Two weeks after Peep died, I was still a zombie, incapable of basically anything, let alone excitement or joy. Still, after a lifetime of waiting, I went to meet Peep’s (and my) heroes, Joel and Benji Madden, at Brixton for an interview. The day before, they’d performed for Peep’s memorial, covering “Awful Things”. We talked about him at length, choking up a little, as they told me they had wanted to work with him, with artists like him who needed guidance and support. We remain friends to this day. That Good Charlotte show was the first time I’d felt like a person in weeks.
A couple of months after Peep died, as I was half-pulling myself together, I interviewed Pete Wentz in person for the first time. Peep loved Fall Out Boy, we’d talked about them. I knew that Pete loved Peep, too, and he came up immediately: him, the loss, how much he loved Fall Out Boy. Every time I interviewed Pete we talked about Peep, and a little while later, he sent me a song – a posthumous collab with Fall Out Boy. He told me that something I’d said had convinced him to do it, that I could consider myself part of the song. I do.
A year after Peep died, I broke my arm skateboarding. A couple of days later, Karl went out briefly, telling me not to do anything, but my friend Misha reached out and asked if I’d fly to New York in two days for a memorial and listening party of Peep’s second album.
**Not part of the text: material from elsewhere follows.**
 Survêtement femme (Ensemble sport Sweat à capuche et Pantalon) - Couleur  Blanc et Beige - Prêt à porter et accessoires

I said yes - Karl was rightly furious, as I was in so much pain I couldn’t even brush my own hair. But I went to New York, even though Misha needed to help me with my bags and even though I couldn’t leave my hotel room alone or shower properly.
I knew that I couldn’t miss remembering Peep with a roomful of people who loved him, and I knew that the stupid, spontaneous decision was the best way to honour his memory.
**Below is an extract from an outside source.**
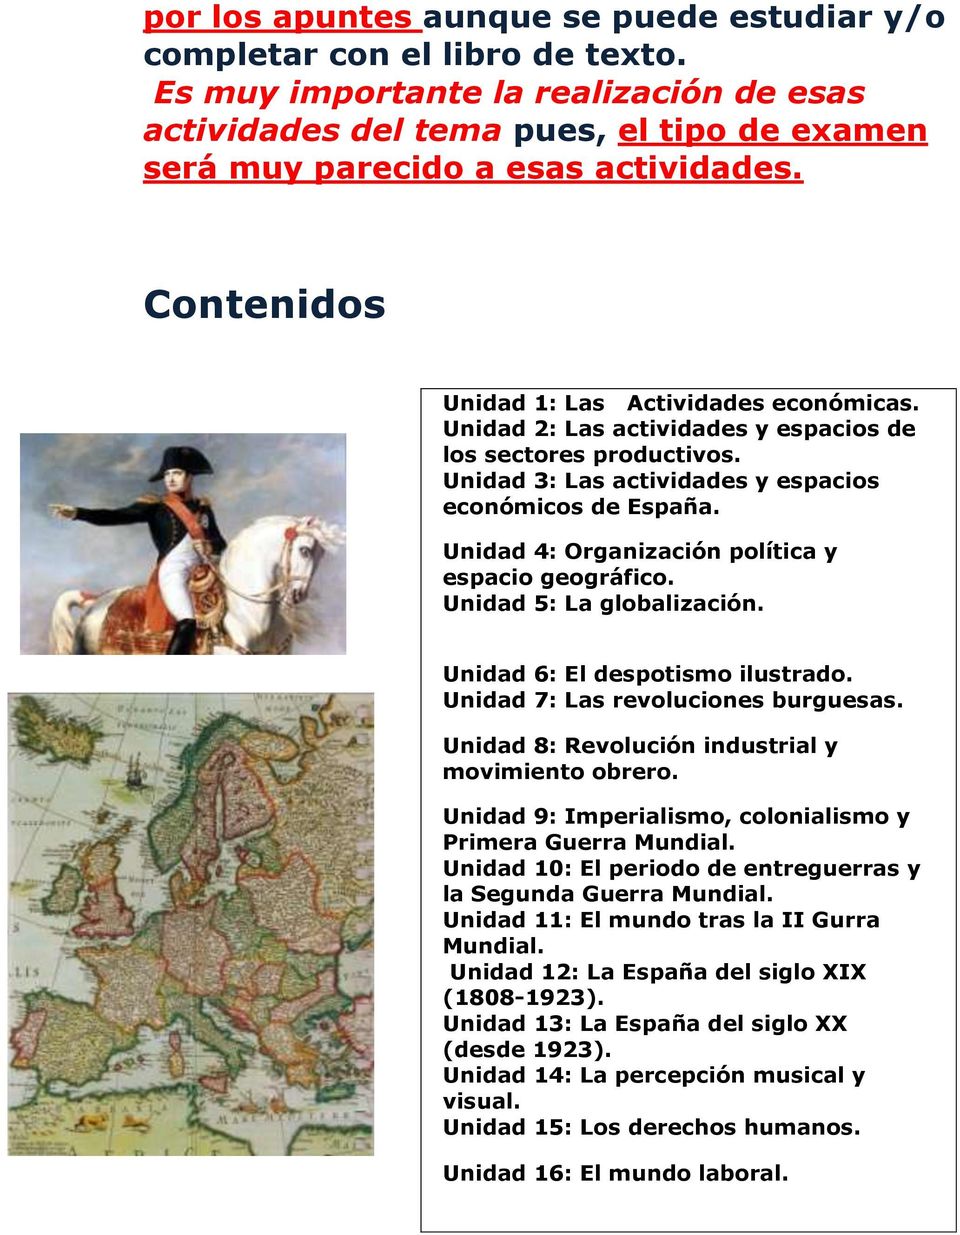 Unidad 2: Las actividades y espacios de los sectores productivos. Unidad 3: Las actividades y espacios económicos de España. Unidad 4: Organización política y espacio geográfico.

The memorial was decorated in pink and black, pumpkins carved with Peep’s face lining the room as the music he loved played. People talked about him, laughing and eating his favourite candy. I sat between Misha and my new friend Sydney. Peep’s voice crept out of the speakers, filling the room as if he was telling us that he knew: I'm not gonna last long.
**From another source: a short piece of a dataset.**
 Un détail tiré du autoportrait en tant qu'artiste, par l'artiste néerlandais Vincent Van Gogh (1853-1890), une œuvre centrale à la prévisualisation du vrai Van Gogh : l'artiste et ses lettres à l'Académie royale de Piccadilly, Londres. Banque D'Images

Afterwards, someone asked to see my Lil Peep tattoo – I have “Crybaby” tattooed on my arm in the font Peep had on his face. I realised my pink cast was covering it, and they told me, “at least it’s Peep’s favourite colour”. I wasn’t drinking as I was on a great big amount of codeine, but when Misha asked me to go out and do shots at a sweet shop/bar, it didn’t feel right to say no. For Peep.
I talk about Peep all the time, to anyone who’ll listen. Every single interview I’ve done for the last four years, I’ve brought him up either as an example of what’s next or an example of the last thing I felt truly excited for. I believe that he was the future, and I see his influence everywhere. I’ve bonded with so many people over a shared love of Peep, his energy and his music. For a while it felt crass to write about him, to talk about him so often, but I realised that that’s how we keep people with us.
Nothing will ever feel right about a 21 year old boy dying of an overdose. The world will never feel any less fucked up when I sit and remember what we lost in 2017. But there is so much comfort, for me, to be found in remembering how much he gave me. I keep him alive through the people he admired, people I admire too. I keep him alive by spending every day with a boy who also has a silly Lil Peep tattoo, someone who understands what it means to love and miss someone you never really knew.
The world is a better place for having Peep in it; as much as I wish he was still here, I am so glad he ever was at all.